__Source data__.
Content starts

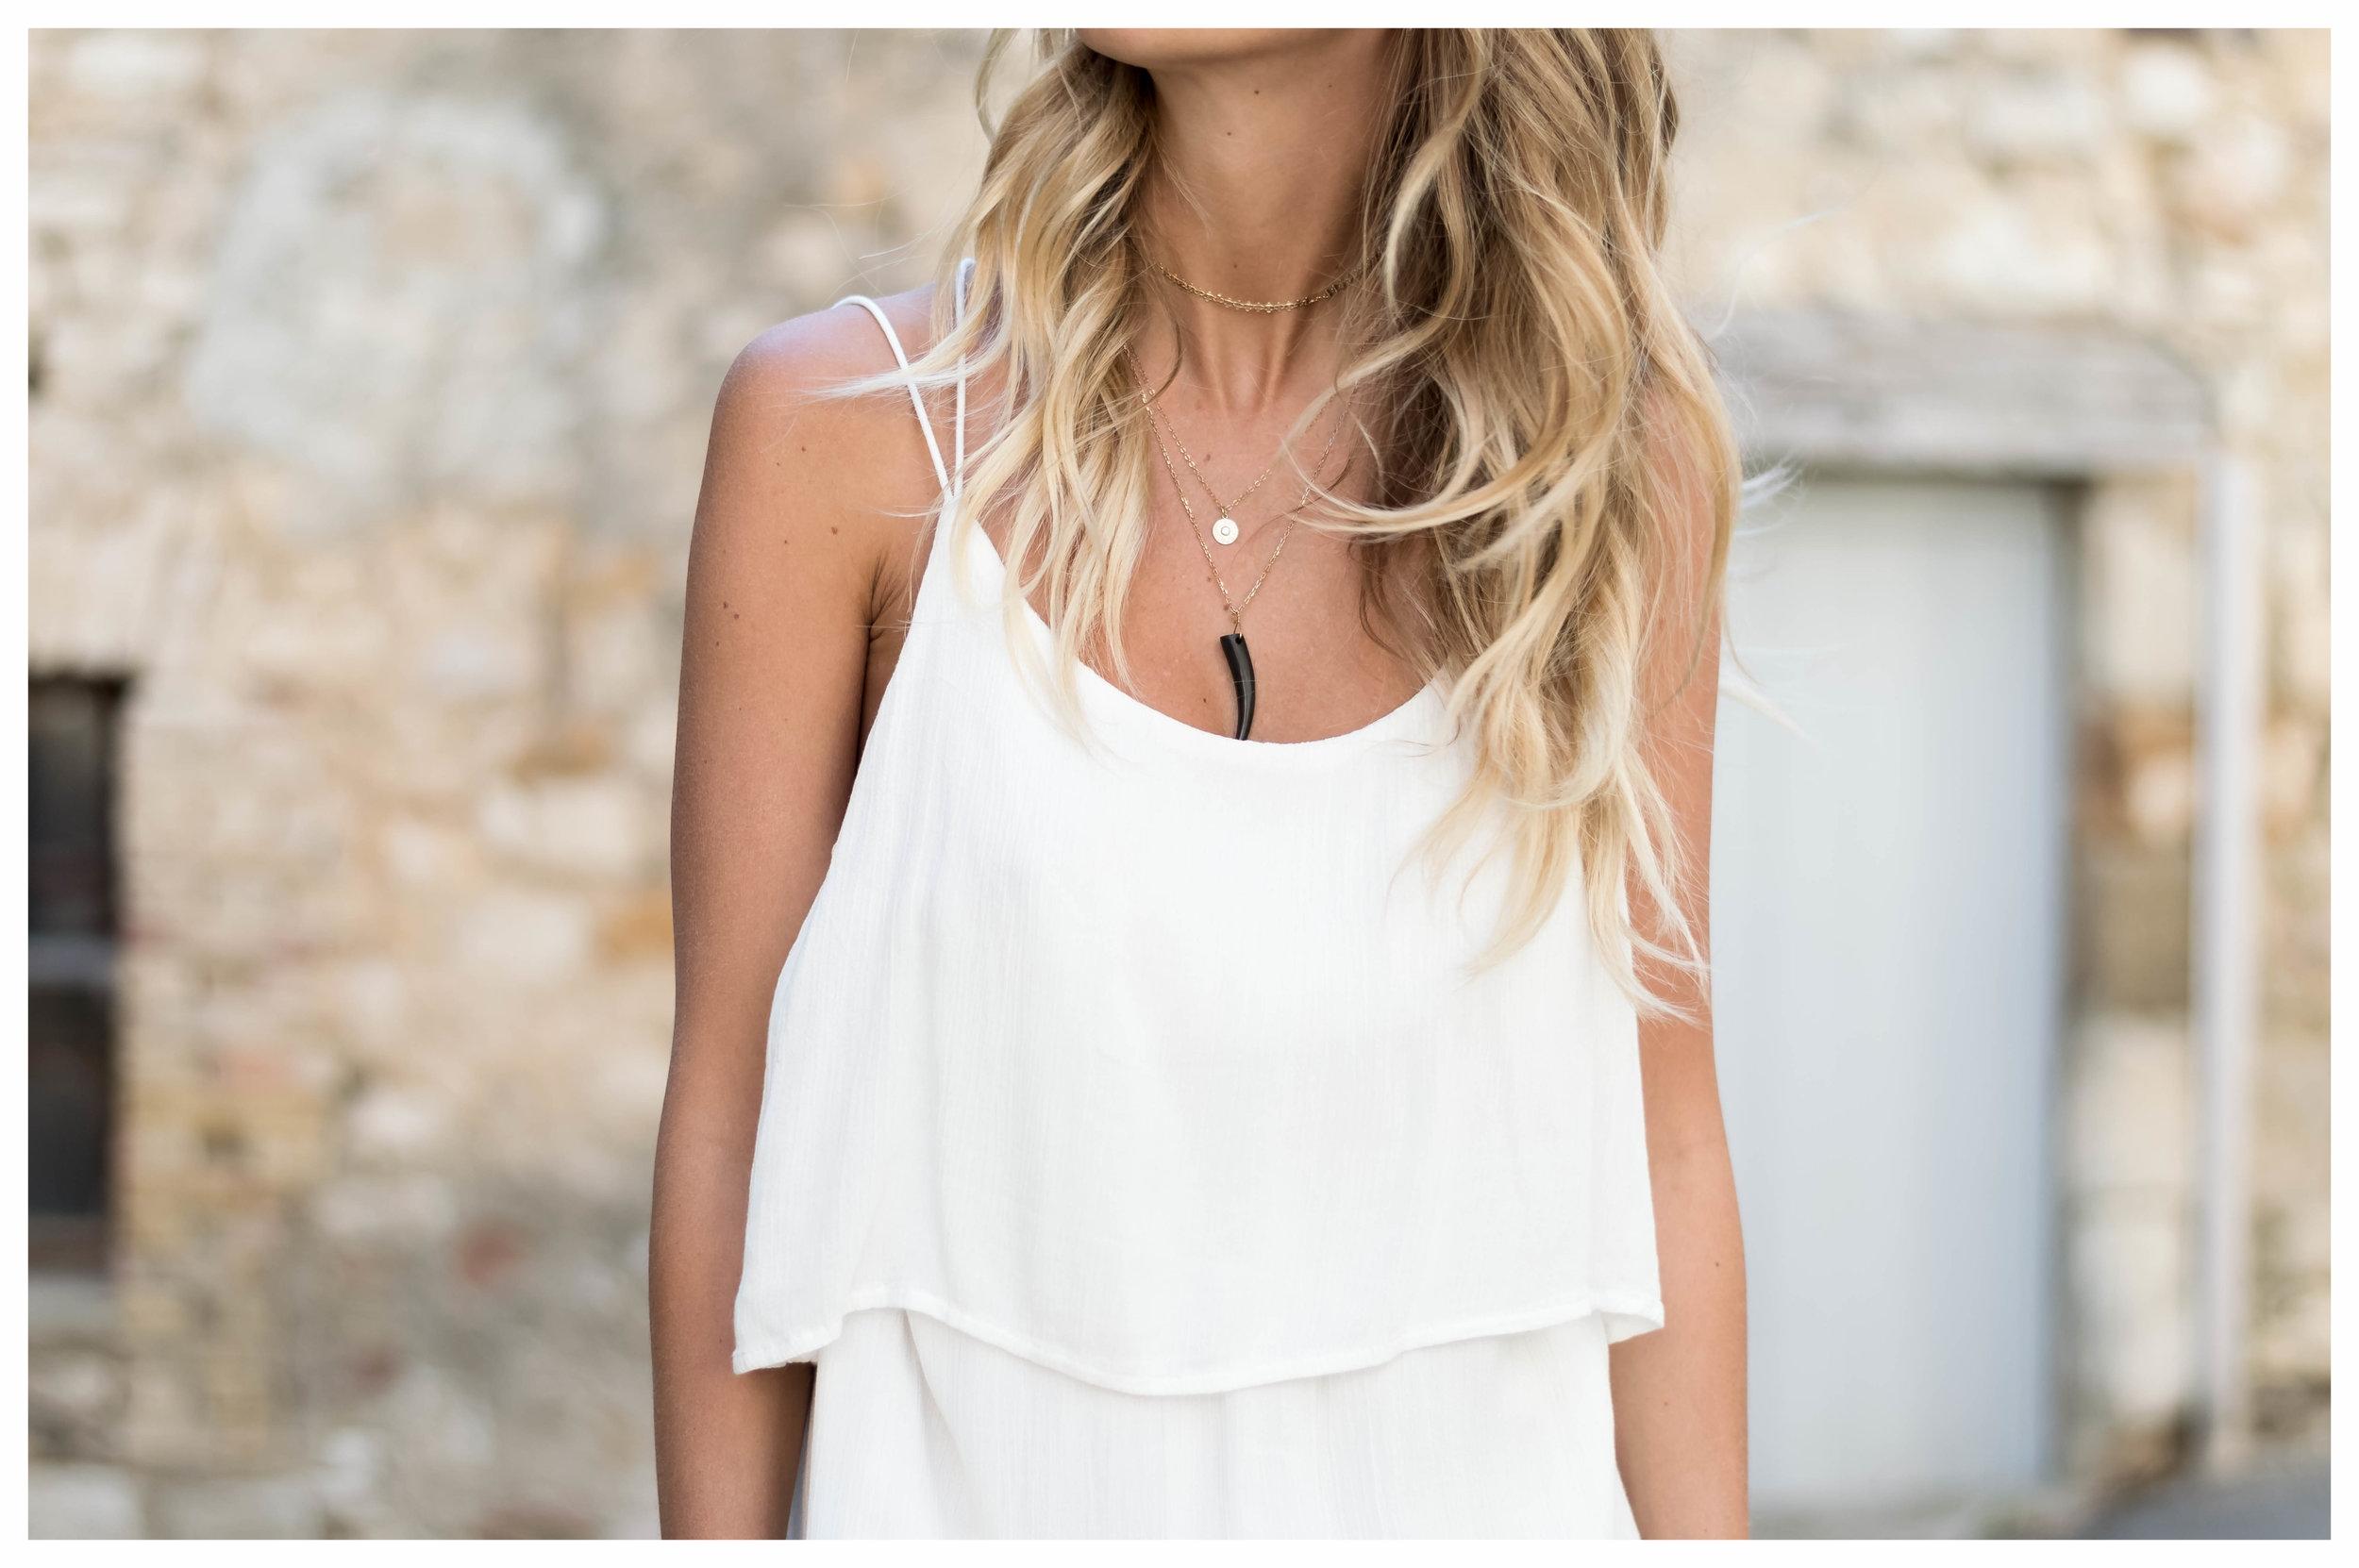 White Dress - OSIARAH.COM (15 sur 16).jpg
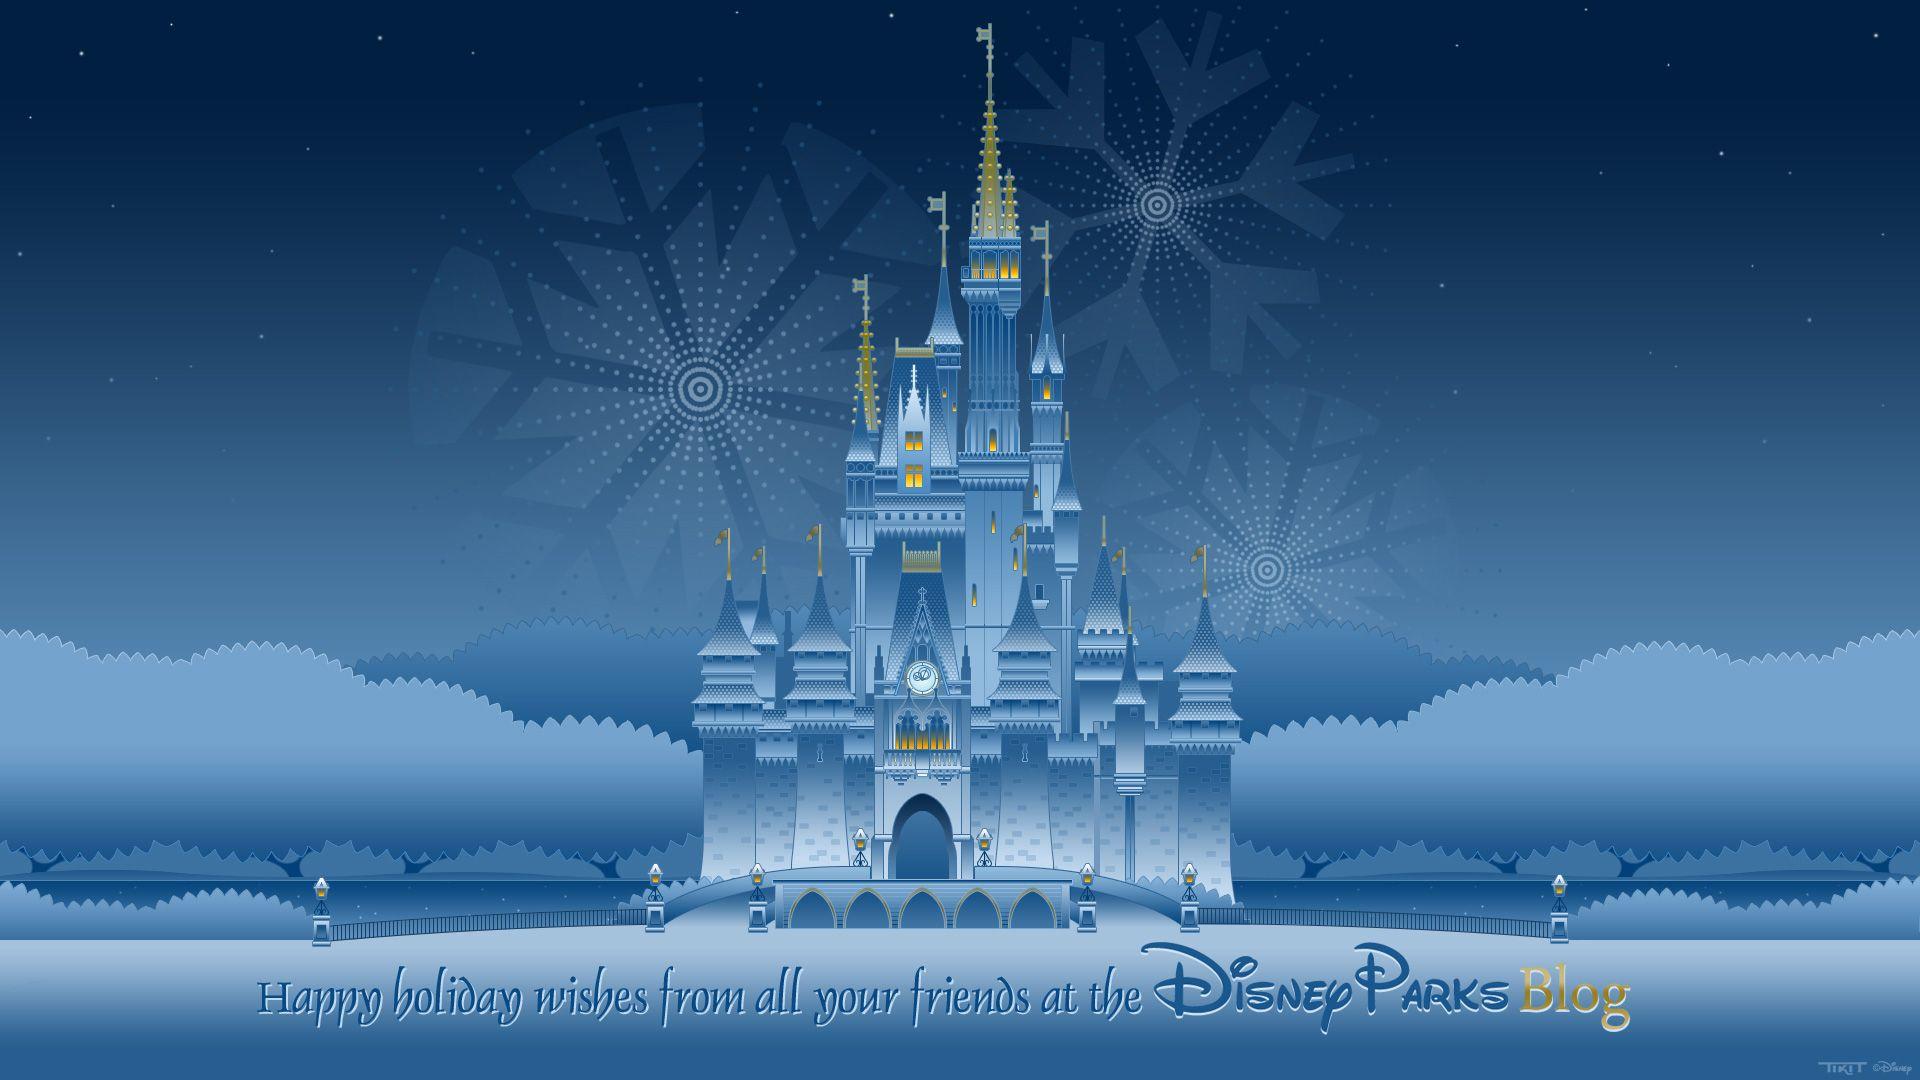 Disney Tumblr Mac Pro Wallpapers Wallpaper Cave
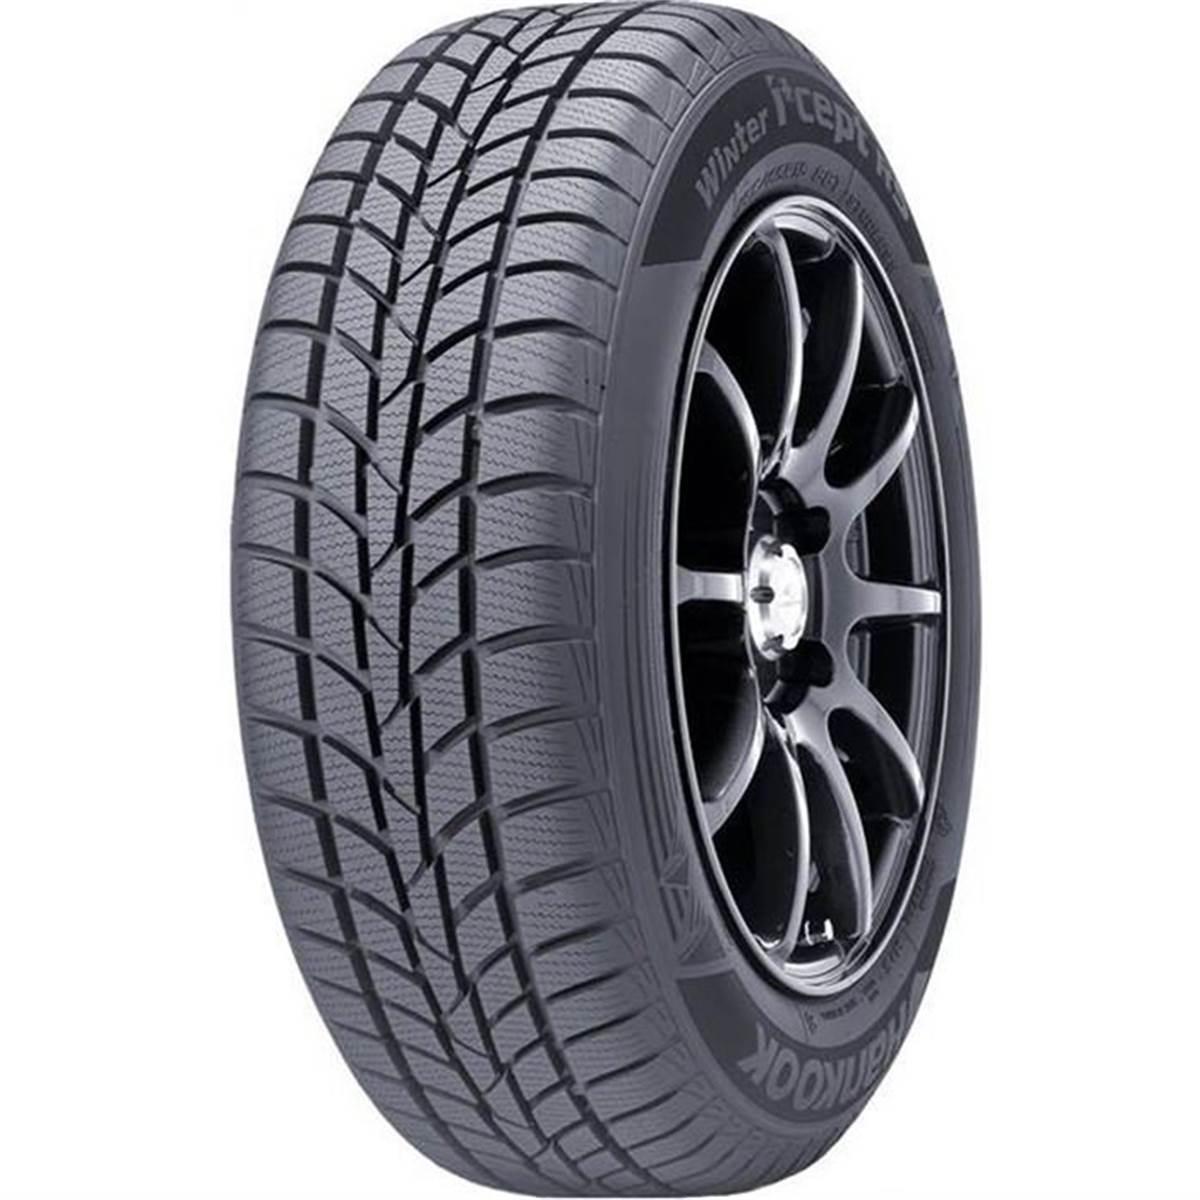 Hankook Winter I-Cept RS W442 pneu
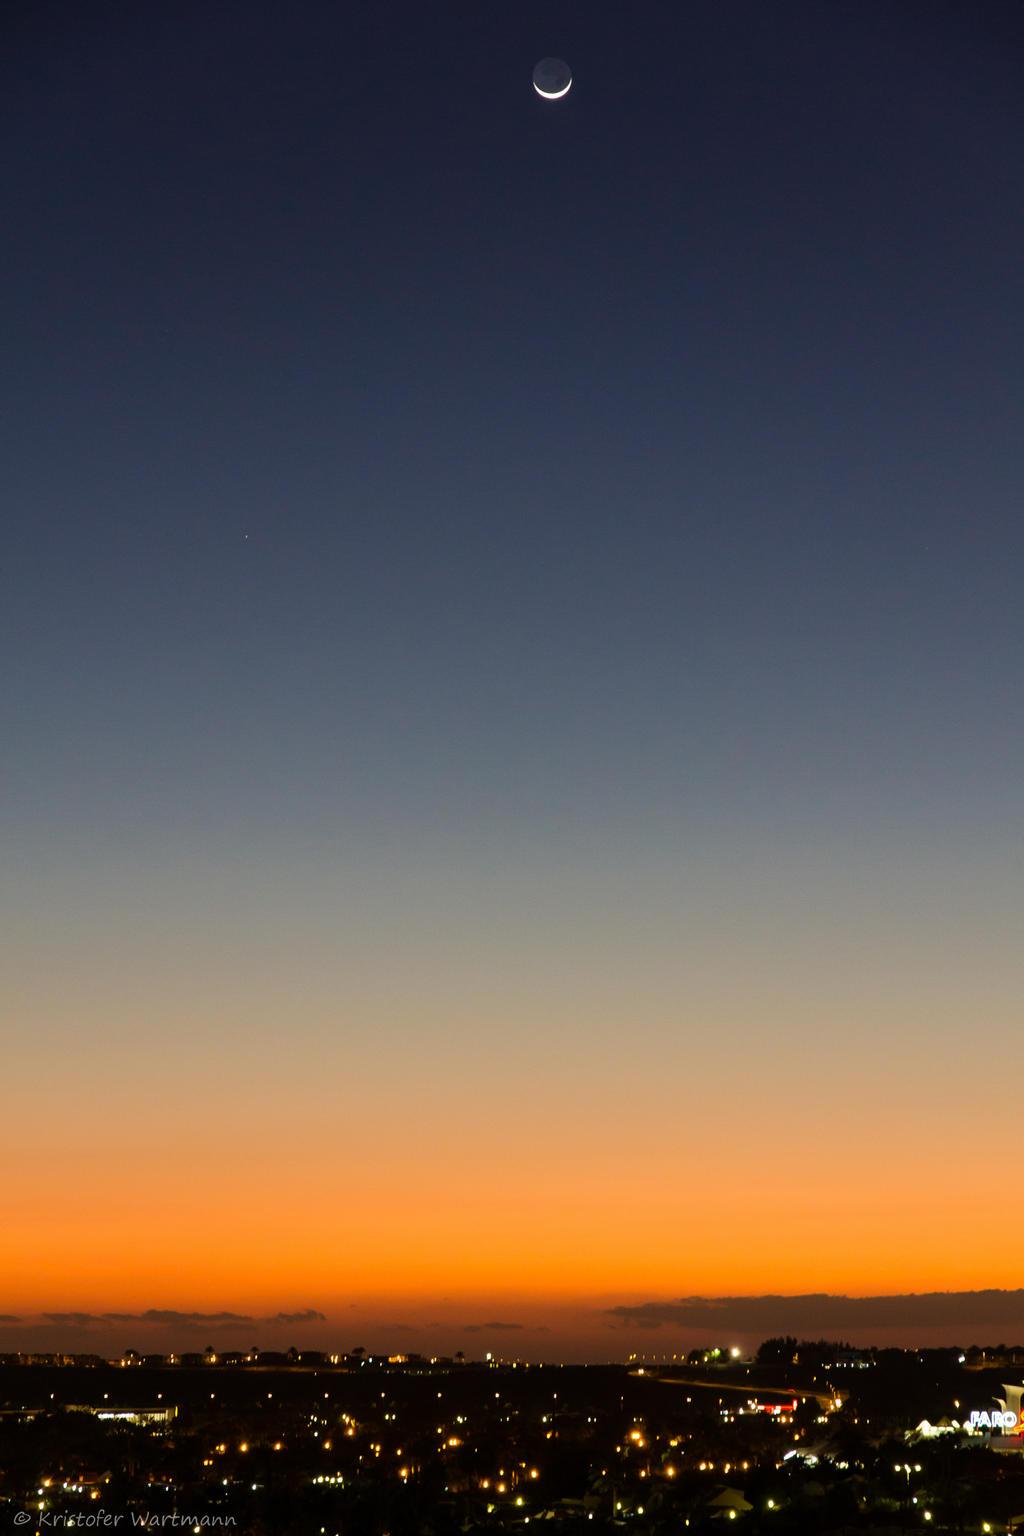 Sunset at Maspalomas by stromstoerung

Content ends

Pictures stay out; everything else in the listing above gets repeated exactly.

 White Dress - OSIARAH.COM (15 sur 16).jpg
 Disney Tumblr Mac Pro Wallpapers Wallpaper Cave
 Hankook Winter I-Cept RS W442 pneu
 Sunset at Maspalomas by stromstoerung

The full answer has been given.